1. A processor system comprising at least a first and a second processor element (PE1, PE2), the first processor element (PE1) having a cluster request indicator (CR12) related to the second processor element and the second processor element (PE2) having a cluster request indicator (CR21) related to the first processor element, the processor elements having an instruction set enabling dynamic control of the indicators, the indicators (CR12, CR21) having a value range comprising at least a first value (positive indicator) indicating that the processor element requests to form a cluster with the related processor element, and a second value (negative indicator) indicating that the processor element does not request to form a cluster with the related processor element, the system further comprising a cluster control facility (CC12) which detects the value of the cluster request indicators and organizes the processor elements in clusters in accordance with the detected values, two processor elements belonging to the same cluster if they have positive indicators related to each other, or if there is a sequence of processor elements comprising those two processor elements, wherein each pair of subsequent processor elements has positive indicators related to each other.

2. A processor system according to claim 1, wherein processor elements organized in a cluster operate under a common thread of control.
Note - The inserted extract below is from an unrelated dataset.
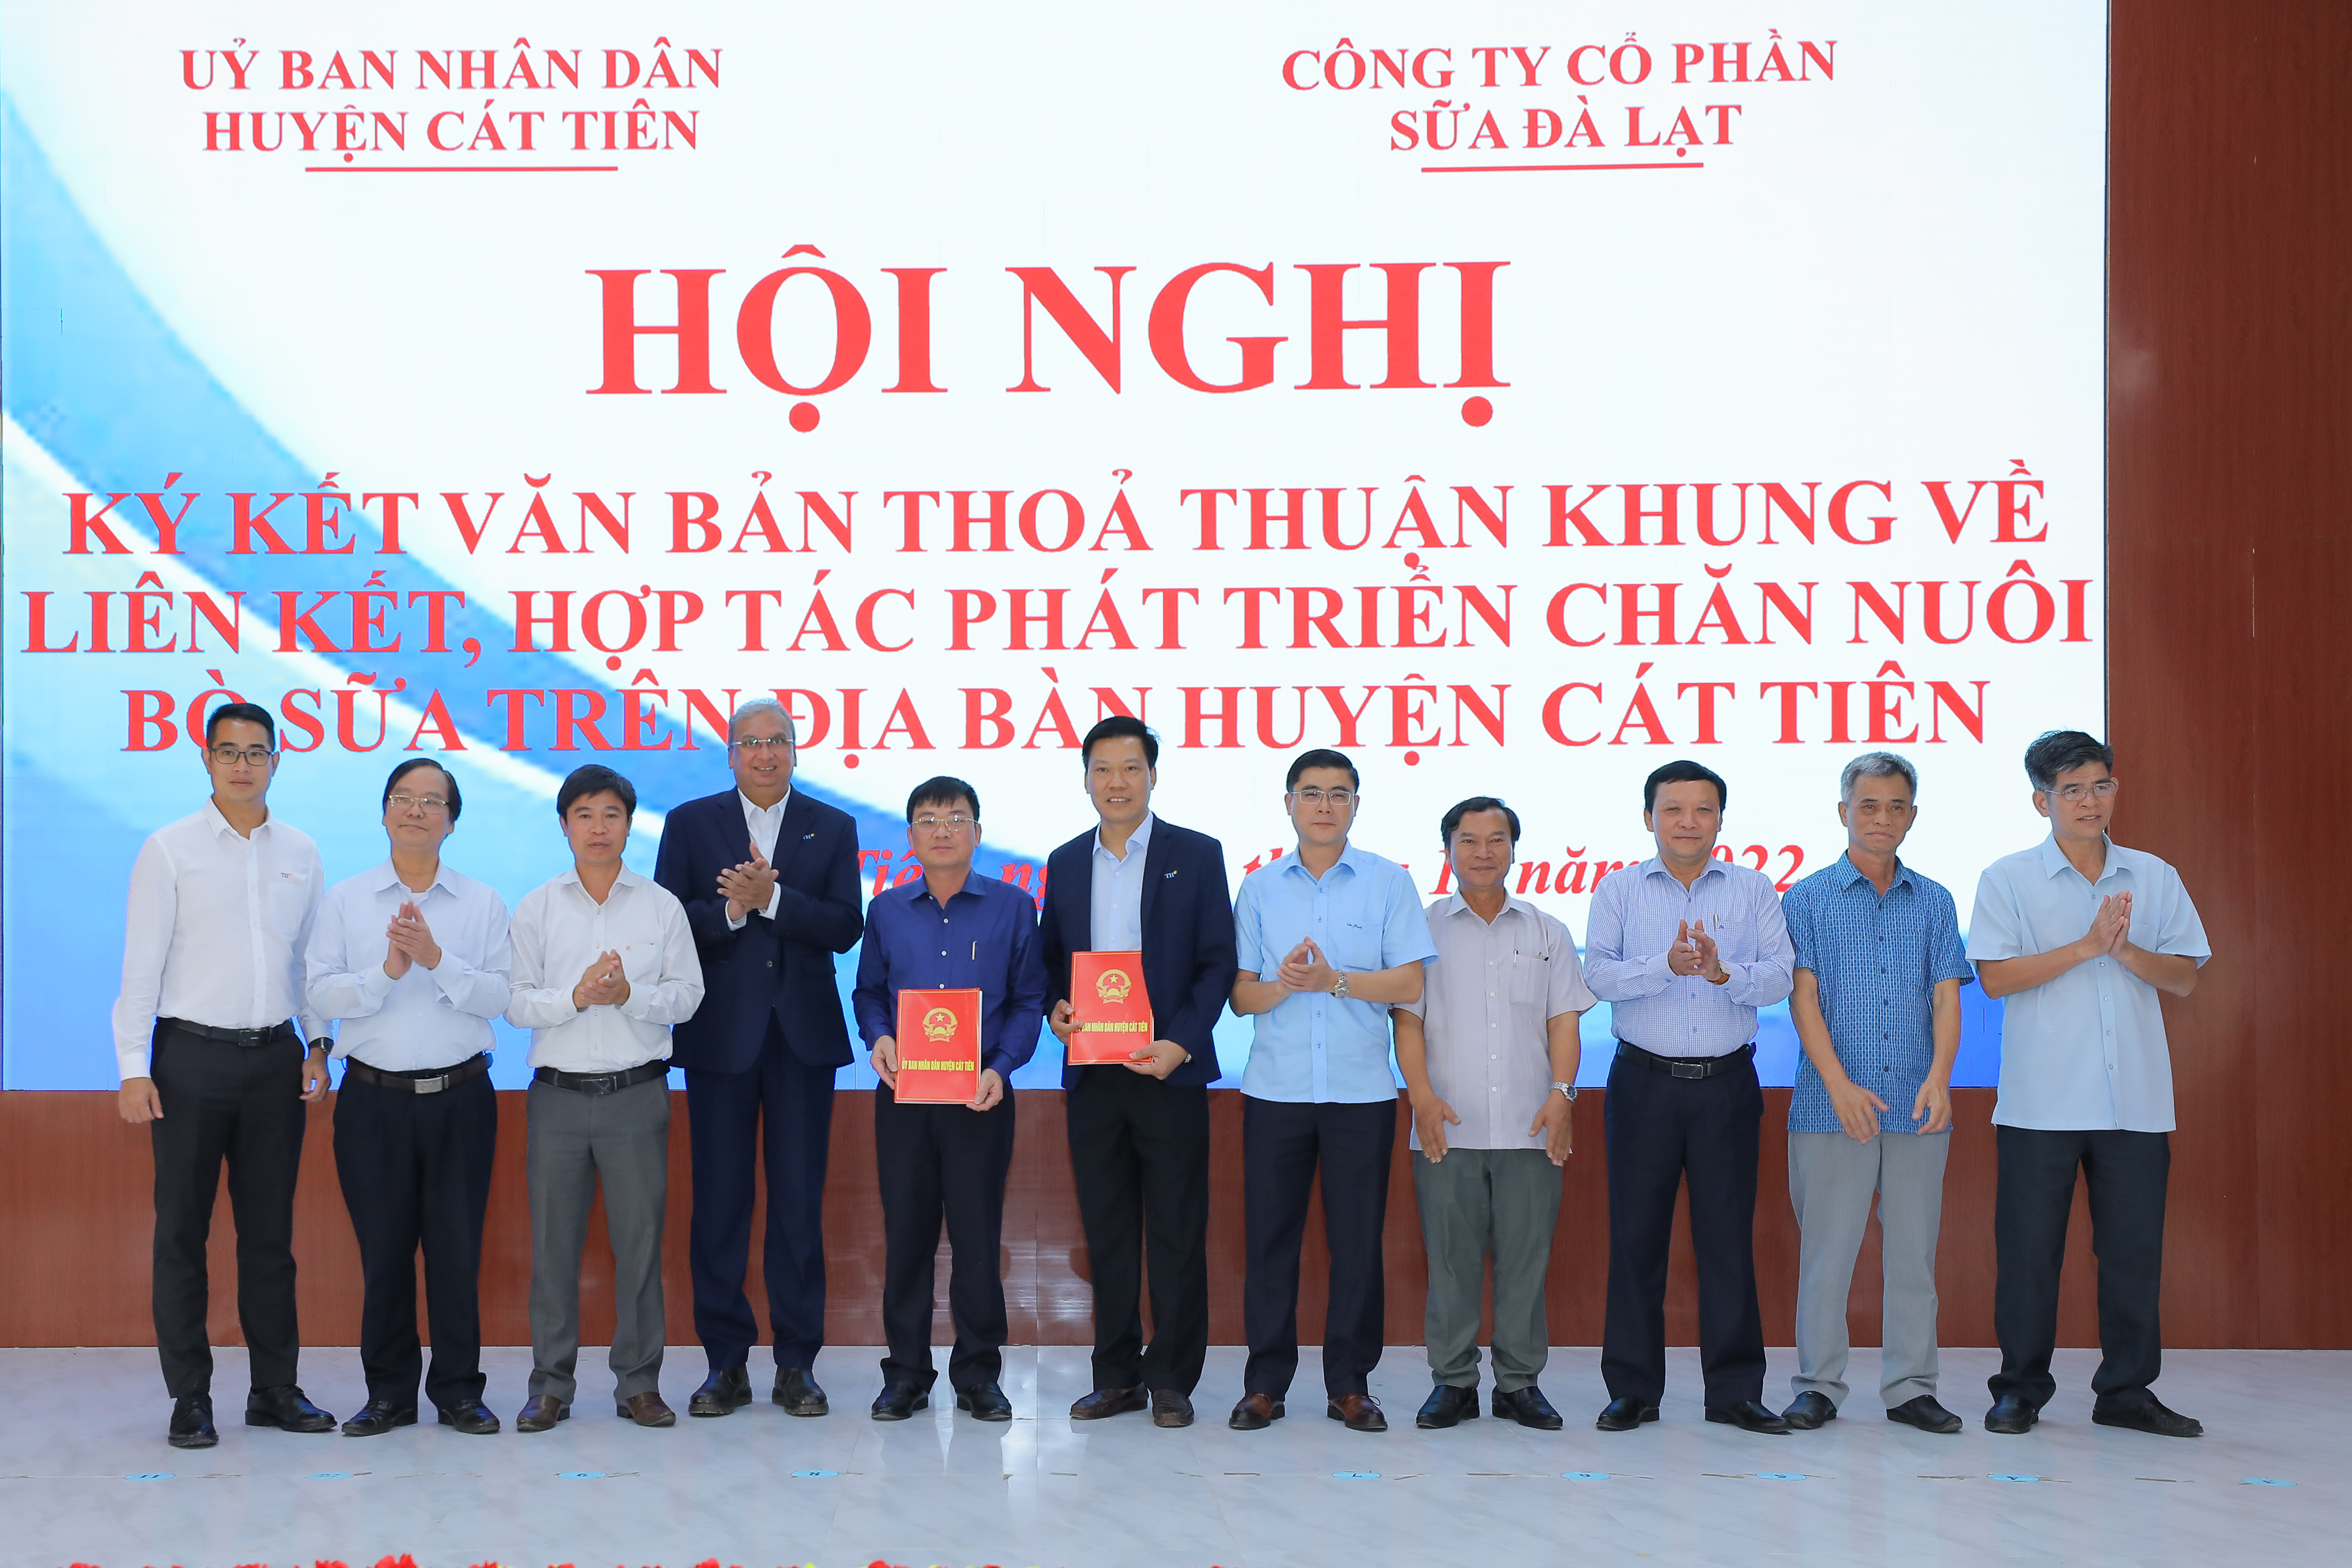 Hội nghị ký kết văn bản thỏa thuận khung về liên kết hợp tác phát triển bò sữa trên địa bàn huyện Cát Tiên (Lâm Đồng) với sự tham gia của Dalatmilk và Tập đoàn TH.

3. A processor system according to claim 1, wherein the cluster control facility (CC12) provides a suspend signal (WT1, WT2) to a processor element which attempts to form a cluster with other processor elements not yet ready to join said cluster.

4. A method for operating a system comprising at least a first and a second processor element, the method comprising programmably controlling a cluster request indicator of the first processor element related to the second processor element and programmably controlling a cluster request indicator of the second processor element related to the first processor element,

the indicator having a value range comprising at least a first value (positive indicator) indicating that the processor element requests to form a cluster with the related processor element, and a second value (negative indicator) indicating that the processor element does not request to form a cluster with the related processor element,

detecting the value of the cluster request indicators and organizing the processor elements in clusters in accordance with the detected values, two processor elements belonging to the same cluster if they have positive indicators related to each other, or if there is a sequence of processor elements comprising those two processor elements, wherein each pair of subsequent processor elements has positive indicators related to each other.
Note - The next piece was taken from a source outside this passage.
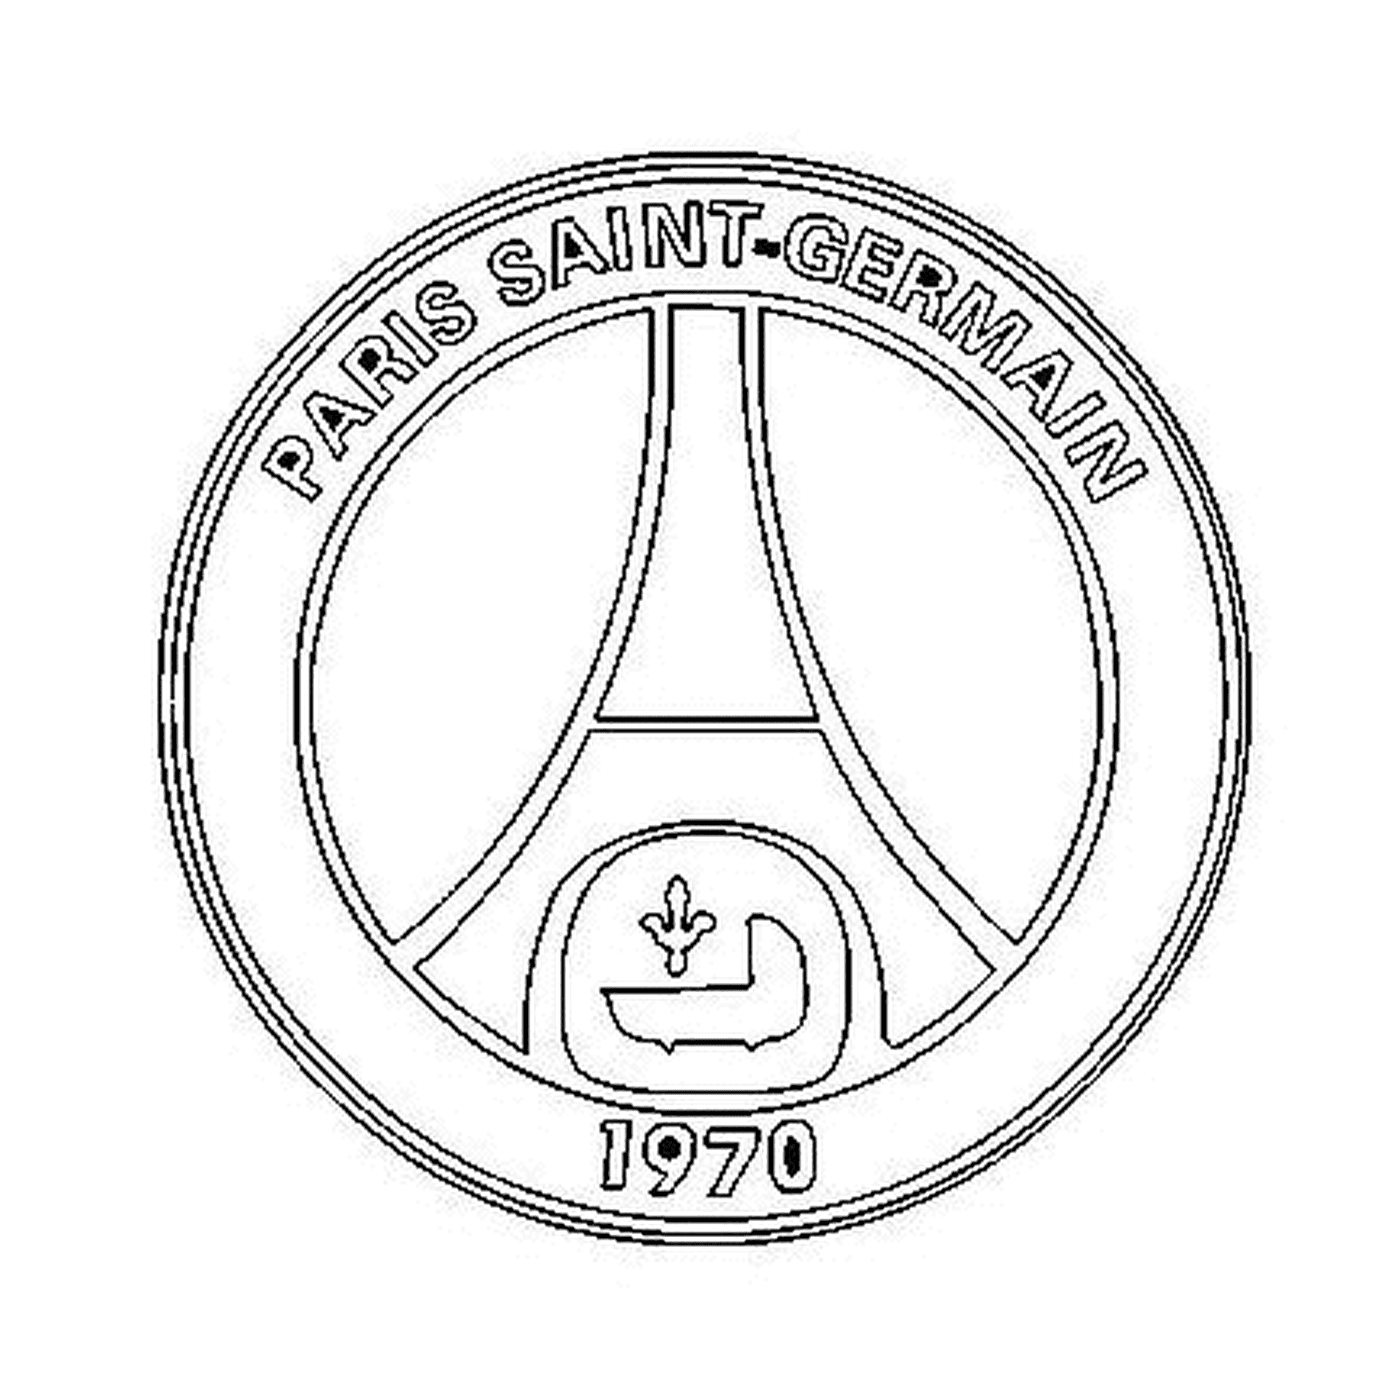  Logo von Paris Saint-Germain

5. A program for a system comprising at least a first and a second processor element, the first processor element having a cluster request indicator related to the second processor element and the second processor element having a cluster request indicator related to the first processor element, the processor elements having an instruction set enabling dynamic control of the indicators, the indicator having a value range comprising at least a first value (positive indicator) indicating that the processor element requests to form a cluster with the related processor element, and a second value (negative indicator) indicating that the processor element does not request to form a cluster with the related processor element,

the system further comprising a cluster control facility which detects the value of the cluster request indicators and organizes the processor elements in clusters in accordance with the detected values, two processor elements belonging to the same cluster if they have positive indicators related to each other, or if there is a sequence of processor elements comprising those two processor elements wherein each pair of subsequent processor elements has positive indicators related to each other,

the program comprising at least a first instruction, which causes a change in the value of at least one of the cluster request indicators.

6. A compiler for generating a program according to claim 5.

7. A record carrier comprising a program according to claim 5.